During the absence of the gentleman and lady, several new persons entered the carriage, among them a tall, clean-shaven, wrinkled old man, evidently a merchant, in a skunk-fur coat and a cloth cap with an enormous visor. The merchant sat down across from the places of the lady and the lawyer and at once got into conversation with a young man, a merchant’s clerk by the looks of him, who got into the carriage at the same station.

I was sitting catercorner to them and, as the train was not moving, I could hear snatches of their conversation when no one was passing by. The merchant began by saying that he was going to his estate, which was only one stop away; then, as usual, they got to talking first about prices, about trade, talked, as usual, about how trading was done in Moscow nowadays, then talked about the Nizhny Novgorod fair.
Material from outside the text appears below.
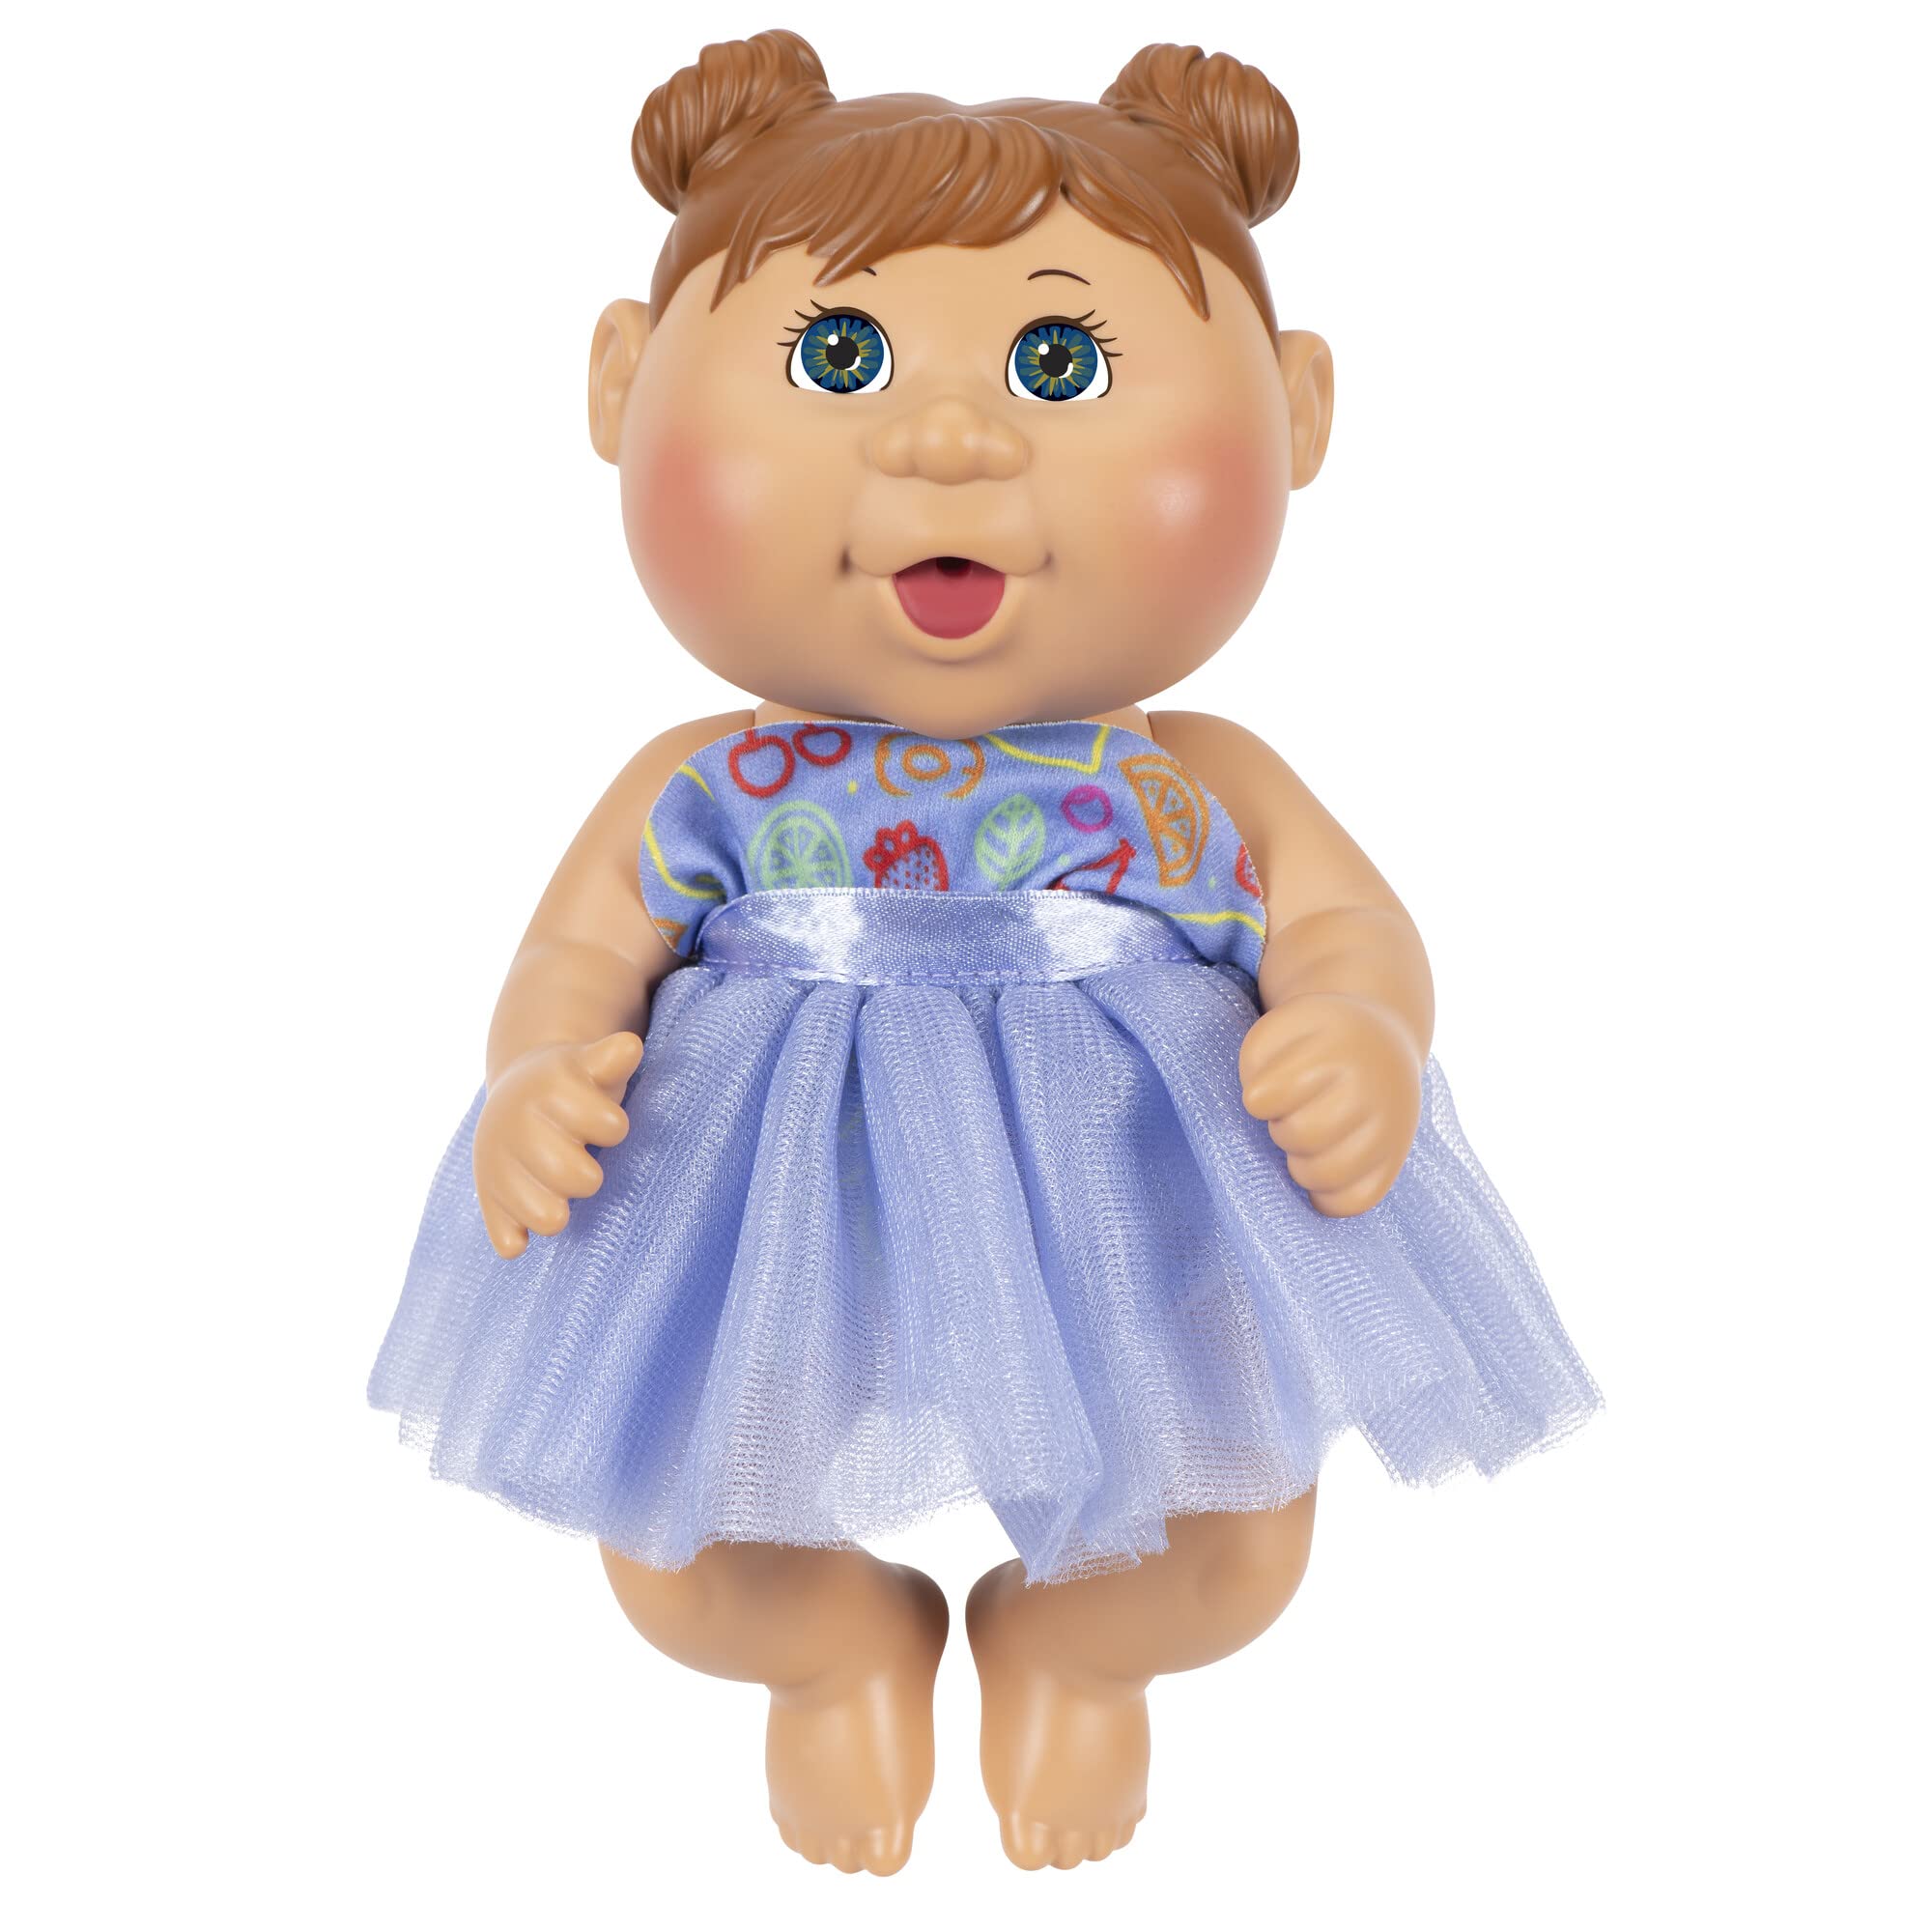 Cabbage Patch Kids Deluxe Tiny Newborn - 9 Inch CPK Doll - Sweet Treats (Brunette, Hazel Eyes) - Drink & Wet - Includes Pink Popsicle, Pineapple Bottle, Removable Diaper - Grow Your Cabbage Patch

The clerk started telling about how some rich merchant they both knew had been carousing at the fair, but the old man did not let him finish and himself started telling about the former carouses in Kunavin, which he himself had taken part in. He was obviously proud of having taken part in them, and with obvious delight told how he and that same acquaintance got drunk once in Kunavin and pulled such a stunt that it had to be told in a whisper, and the clerk guffawed for the whole carriage to hear, and the old man also laughed, baring two yellow teeth.